Ratatouille: la sopa de verduras que todos soñamos de niños
4
raciones15
minutes40
minutes95
kcal55
minutesIngredientes
2 medianas zanahorias (unos 200 g / 7 oz), cortadas en trozos grandes
1 trozo de apio nabo (150 g / 5 oz) o 3 tallos de apio + 1 chirivía
1 grande puerro, solo la parte blanca y verde clara
1 mediana cebolla amarilla, cortada por la mitad
2 medianos tomates pera maduros, partidos por la mitad
3 dientes de ajo sin pelar
2 hojas de laurel
4 ramitas de tomillo fresco
1 manojo pequeño de perejil (tallos incluidos)
1 cdta. de granos de pimienta negra
1,5 L de agua fría (EE.UU.: 6 cups)
1,5 cdta. de sal fina, más al gusto
2 cdas. de aceite de oliva virgen extra (para servir)
Cómo llegar
- Calienta la sartén. Pon una sartén grande a fuego alto sin nada de aceite durante 2 minutos — debe estar tan caliente que si acercas la mano a 5 cm, sientes el calor de inmediato.
- Tuesta las verduras. Coloca la cebolla, el tomate y el ajo con el corte hacia abajo; en 3-4 minutos verás que la superficie se oscurece hasta un marrón caoba sin llegar a negro — ese es el punto exacto, el olor será dulce y ligeramente ahumado.
- Pasa todo a la olla. Añade el resto de verduras, las hierbas, la pimienta y el agua fría; el agua fría es clave porque extrae los sabores de forma progresiva, no los sella.
- Lleva a ebullición suave. Sube el fuego hasta que aparezcan las primeras burbujas, luego bájalo al mínimo; no debe hervir a borbotones o el caldo quedará turbio.
- Cocina 35 minutos.
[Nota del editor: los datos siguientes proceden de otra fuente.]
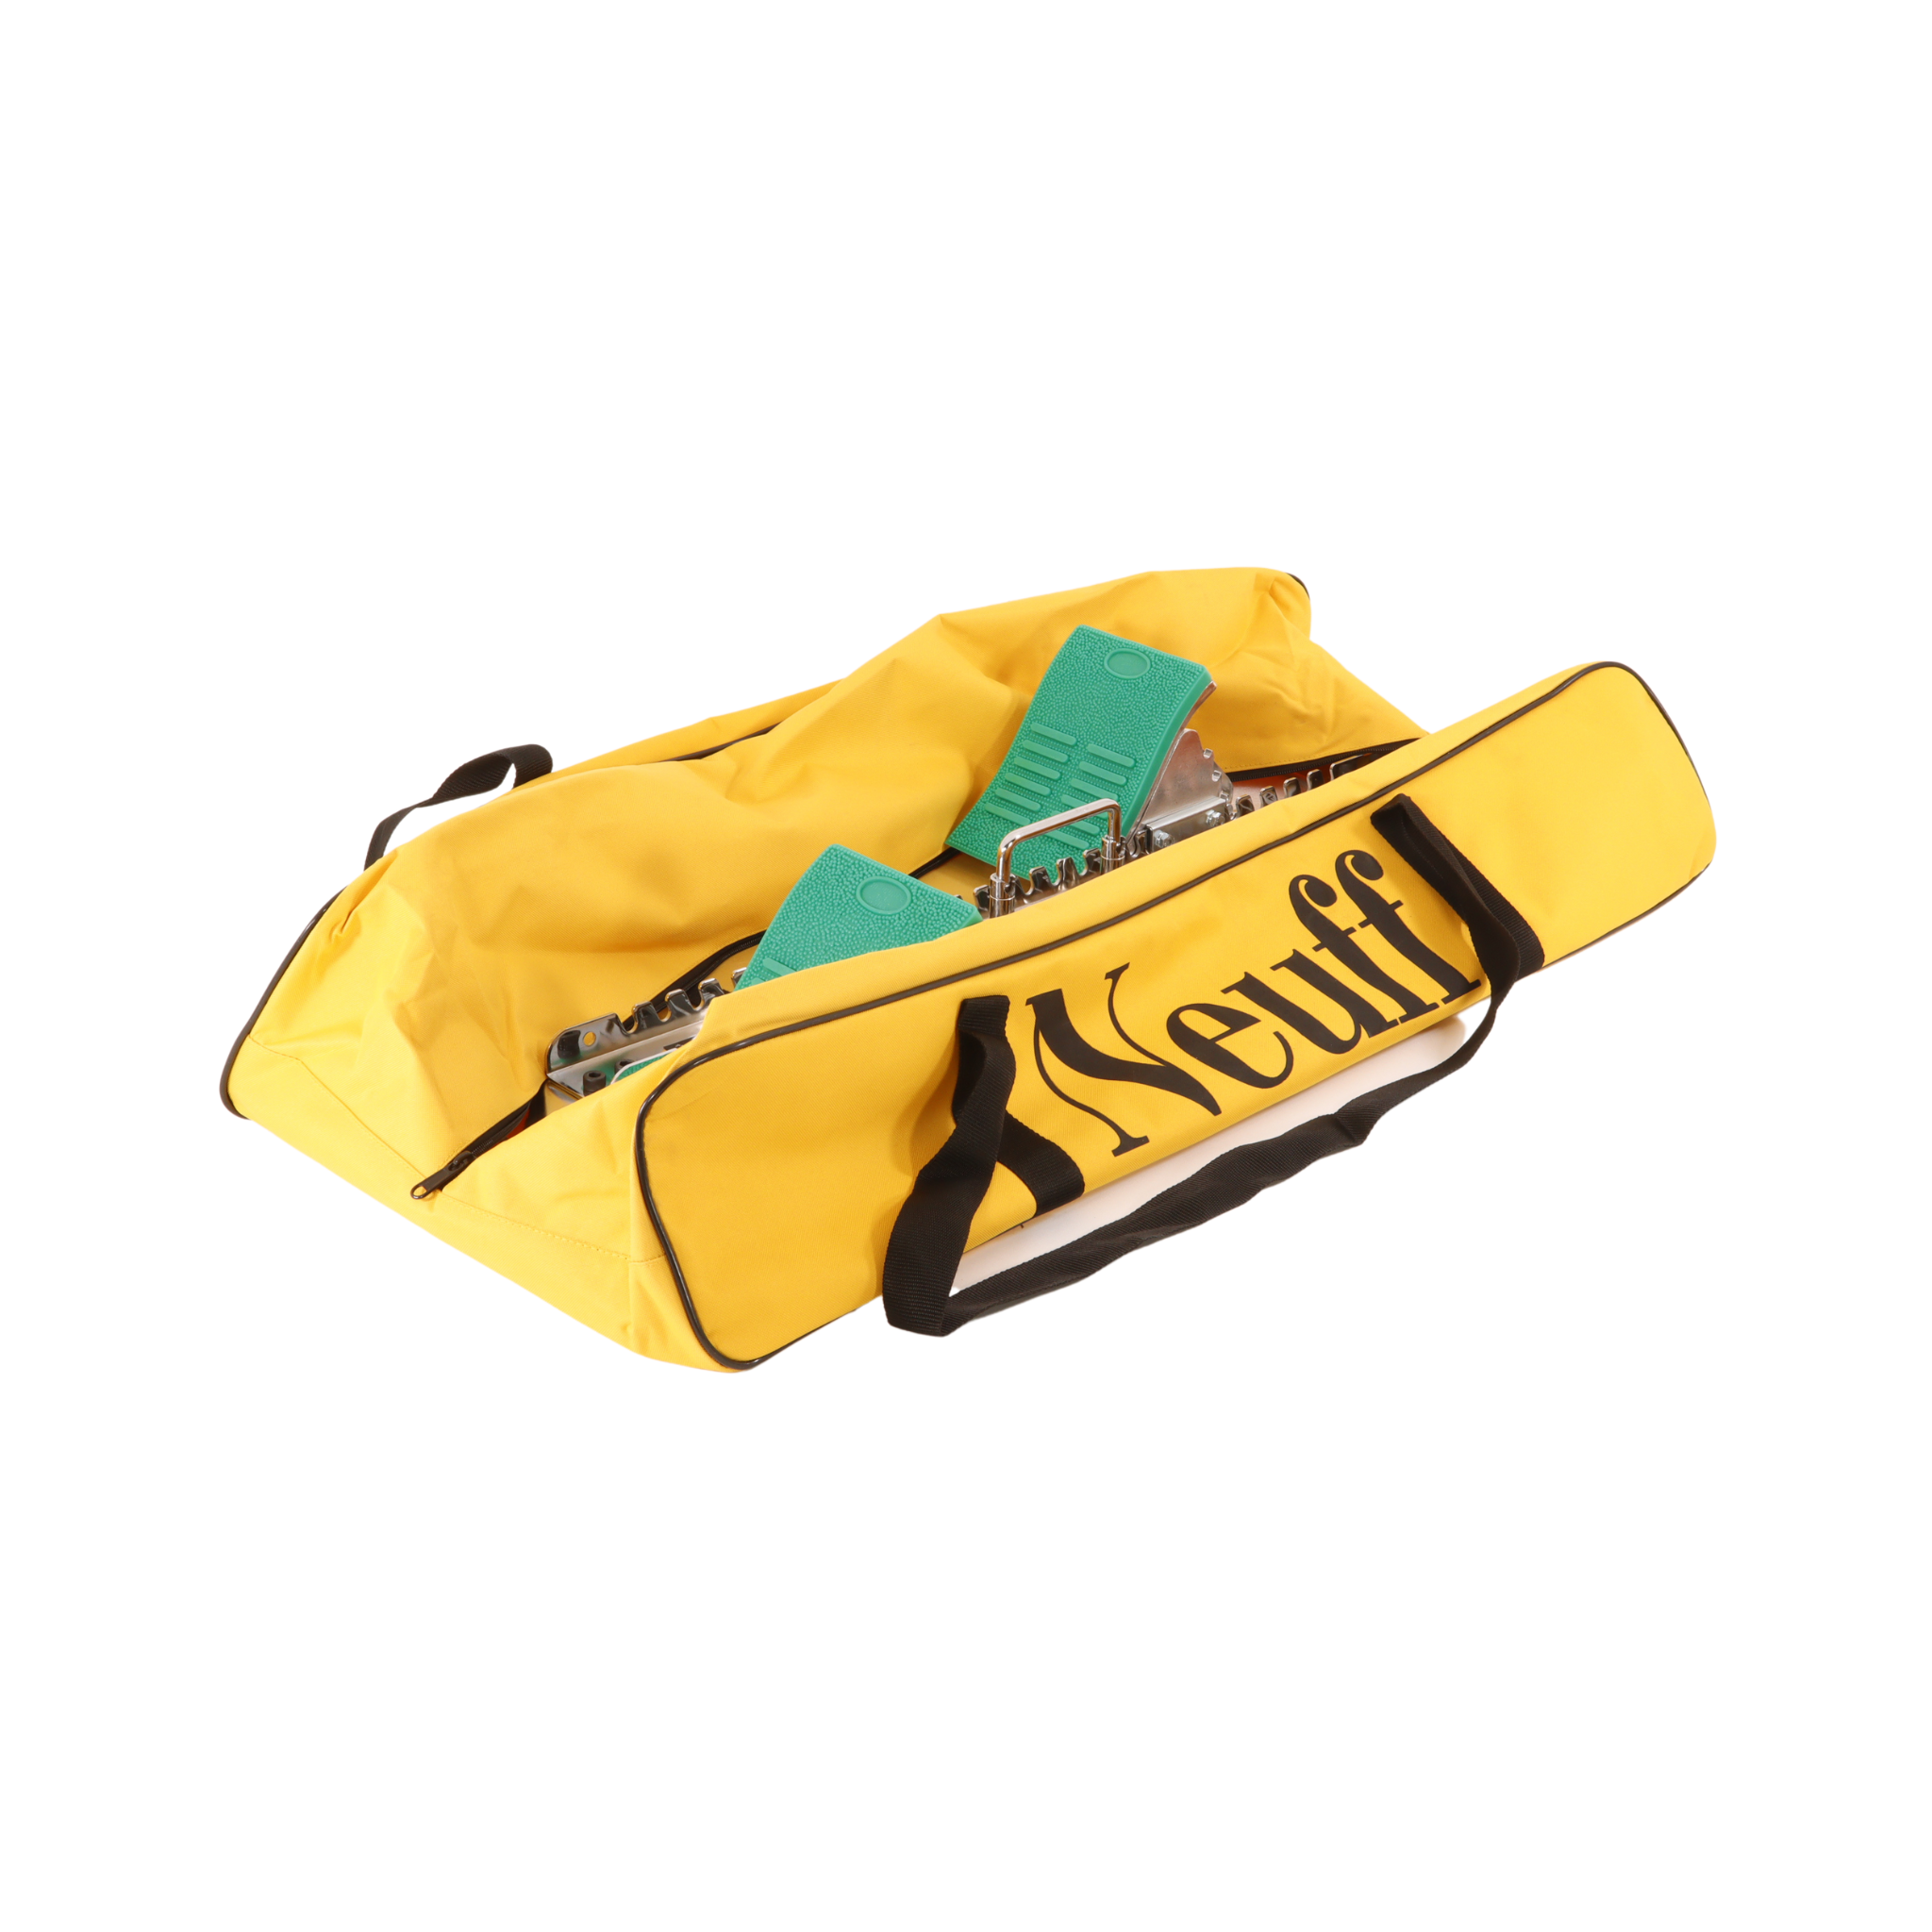 Neuff Starting Block Bag with a set of sprint blocks inside | Yellow bag with Black Neuff Brand

A los 20 minutos, el caldo ya tendrá ese color ámbar dorado; si sigue pálido, sube el fuego un par de minutos.
- Cuela y ajusta la sal. Presiona ligeramente las verduras al colar para extraer el último líquido; sirve en bol hondo con un hilo de aceite de oliva y, si quieres, unos trozos de zanahoria reservados.
Variantes
Versión con fideos: añade 60 g de fideos finos (o vermicelli) al caldo ya colado y cocina 5 minutos más — queda reconfortante y llena más. Versión con garbanzos: incorpora 200 g de garbanzos cocidos al caldo final y tritura la mitad para darle cuerpo sin añadir nata.
Acompañamientos
Una rebanada de pan de masa madre tostado con aceite de oliva absorbe el caldo y convierte el plato en una cena completa. Un huevo escalfado directo en el bol añade proteína sin complicar la receta. Unas gotas de vinagre de jerez al servir despiertan todos los sabores del caldo.
FAQ
¿Puedo hacer este caldo con antelación y congelarlo?
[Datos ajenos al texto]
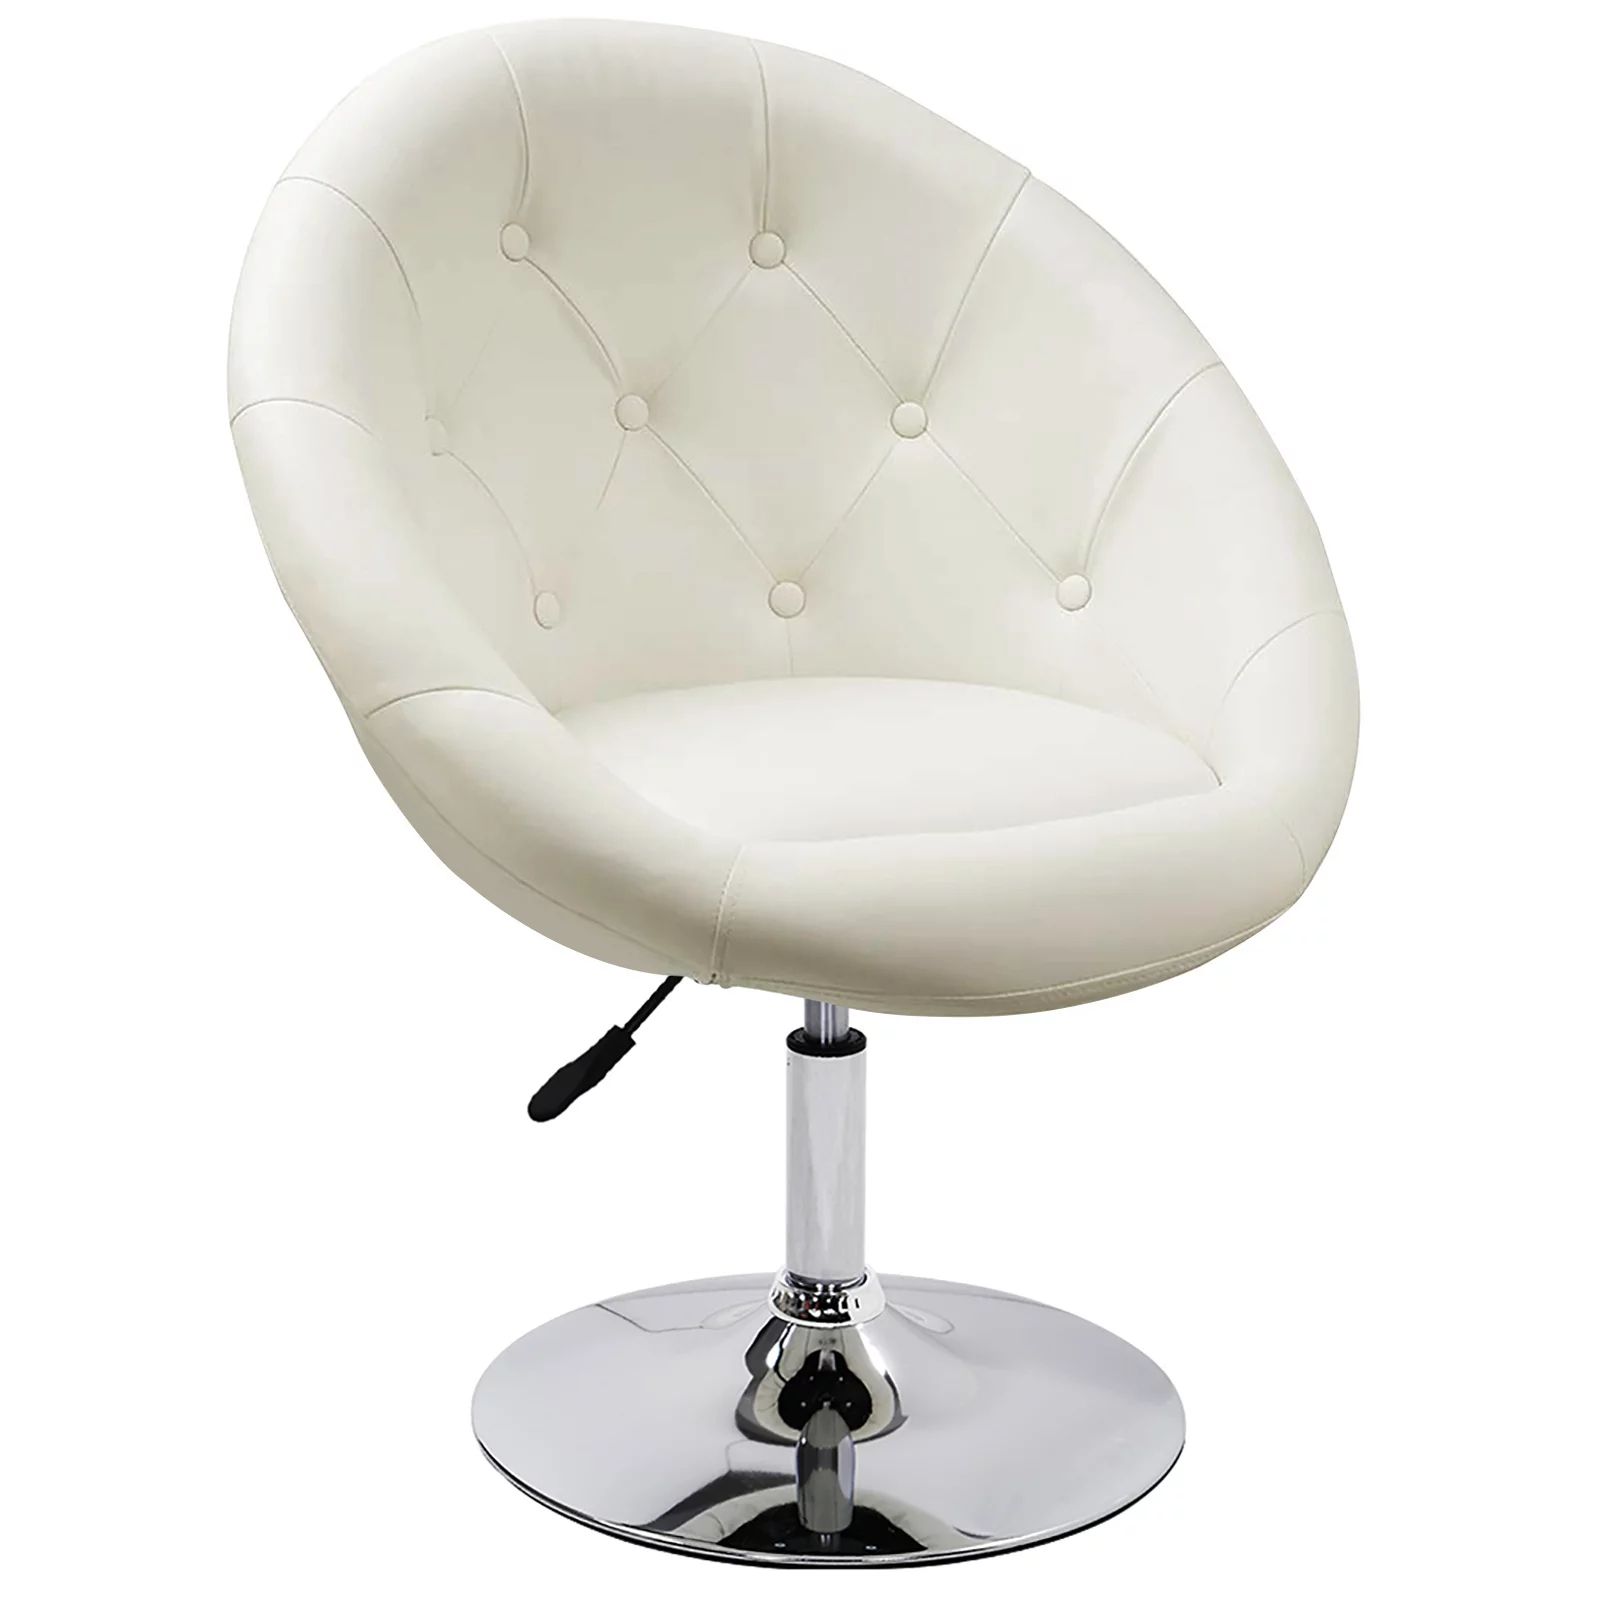 Duhome Vanity Make Up Accent Chair Luxury Pu Leather Contemporary Round Pertaining To White And Clear Acrylic Tufted Vanity Stools (View 6 of 20)

Sí, aguanta perfectamente hasta 3 meses en el congelador en recipientes herméticos. Descongela a temperatura ambiente o directamente en un cazo a fuego bajo.
¿Por qué mi caldo queda turbio aunque sigo los pasos?
El culpable casi siempre es el hervor fuerte: a partir del momento en que el agua burbujea con fuerza, las partículas de las verduras se rompen y enturbian el líquido. Mantén siempre un fuego muy suave, con apenas movimiento en la superficie.
¿Se puede usar este caldo como base para otros platos?
Absolutamente — es la base perfecta para un arroz meloso, una sopa de lentejas o incluso una salsa de tomate con más fondo. La pregunta es si te quedará suficiente una vez que lo pruebes solo en el bol.